* [Source records]:
________________________________________
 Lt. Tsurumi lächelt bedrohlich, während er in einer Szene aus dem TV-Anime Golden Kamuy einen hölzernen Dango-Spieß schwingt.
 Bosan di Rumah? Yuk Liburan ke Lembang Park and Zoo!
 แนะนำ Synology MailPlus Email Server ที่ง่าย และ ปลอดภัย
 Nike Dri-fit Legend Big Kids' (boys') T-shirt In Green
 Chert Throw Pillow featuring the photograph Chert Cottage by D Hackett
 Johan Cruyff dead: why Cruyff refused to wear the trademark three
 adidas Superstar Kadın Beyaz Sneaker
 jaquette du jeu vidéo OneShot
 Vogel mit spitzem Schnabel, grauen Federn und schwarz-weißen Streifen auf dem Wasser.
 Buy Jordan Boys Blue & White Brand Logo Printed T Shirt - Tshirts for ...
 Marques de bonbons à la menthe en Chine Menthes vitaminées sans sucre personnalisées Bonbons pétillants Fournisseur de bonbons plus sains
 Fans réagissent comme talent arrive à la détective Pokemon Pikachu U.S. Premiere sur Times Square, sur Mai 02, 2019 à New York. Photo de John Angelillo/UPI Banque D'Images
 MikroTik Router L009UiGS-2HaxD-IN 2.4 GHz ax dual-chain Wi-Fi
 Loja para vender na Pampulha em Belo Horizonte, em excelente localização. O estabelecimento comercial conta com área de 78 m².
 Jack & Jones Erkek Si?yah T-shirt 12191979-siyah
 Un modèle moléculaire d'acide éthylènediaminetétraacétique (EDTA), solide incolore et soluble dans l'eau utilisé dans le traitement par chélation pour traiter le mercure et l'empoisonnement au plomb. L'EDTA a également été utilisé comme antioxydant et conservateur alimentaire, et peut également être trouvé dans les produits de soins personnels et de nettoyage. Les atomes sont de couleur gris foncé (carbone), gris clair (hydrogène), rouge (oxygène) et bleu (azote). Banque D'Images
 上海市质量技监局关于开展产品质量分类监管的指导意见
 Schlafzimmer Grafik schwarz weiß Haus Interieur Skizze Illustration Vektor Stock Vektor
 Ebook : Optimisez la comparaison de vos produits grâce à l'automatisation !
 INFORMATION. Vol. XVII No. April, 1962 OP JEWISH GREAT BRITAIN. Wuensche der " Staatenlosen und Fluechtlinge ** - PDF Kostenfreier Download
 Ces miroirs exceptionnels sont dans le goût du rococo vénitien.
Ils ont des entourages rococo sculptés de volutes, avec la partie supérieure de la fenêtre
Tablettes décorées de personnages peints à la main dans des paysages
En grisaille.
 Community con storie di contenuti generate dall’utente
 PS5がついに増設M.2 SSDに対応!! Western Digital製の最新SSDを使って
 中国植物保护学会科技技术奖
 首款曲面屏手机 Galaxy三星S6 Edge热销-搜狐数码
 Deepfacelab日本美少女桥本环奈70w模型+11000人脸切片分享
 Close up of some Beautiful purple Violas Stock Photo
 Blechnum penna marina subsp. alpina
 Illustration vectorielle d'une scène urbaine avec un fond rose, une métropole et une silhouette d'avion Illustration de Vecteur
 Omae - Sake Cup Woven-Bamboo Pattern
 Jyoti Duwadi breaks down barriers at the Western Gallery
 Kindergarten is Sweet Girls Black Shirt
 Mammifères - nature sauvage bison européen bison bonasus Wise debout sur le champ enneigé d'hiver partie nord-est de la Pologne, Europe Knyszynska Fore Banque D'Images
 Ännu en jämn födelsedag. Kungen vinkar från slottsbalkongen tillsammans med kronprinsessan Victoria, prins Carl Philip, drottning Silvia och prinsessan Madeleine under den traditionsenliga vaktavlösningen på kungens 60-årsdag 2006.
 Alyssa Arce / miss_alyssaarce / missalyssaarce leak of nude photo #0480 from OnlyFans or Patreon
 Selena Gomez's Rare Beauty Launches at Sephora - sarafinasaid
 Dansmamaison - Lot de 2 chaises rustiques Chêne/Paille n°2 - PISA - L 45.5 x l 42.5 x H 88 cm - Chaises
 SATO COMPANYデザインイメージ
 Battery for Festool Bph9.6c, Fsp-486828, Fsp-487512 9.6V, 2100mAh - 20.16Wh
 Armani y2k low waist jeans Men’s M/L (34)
________________________________________
* [What the task requires]:
Could you filter the entries above for lines holding the string "Stock" and copy them?

* [Answer section]:
 Schlafzimmer Grafik schwarz weiß Haus Interieur Skizze Illustration Vektor Stock Vektor
 Close up of some Beautiful purple Violas Stock Photo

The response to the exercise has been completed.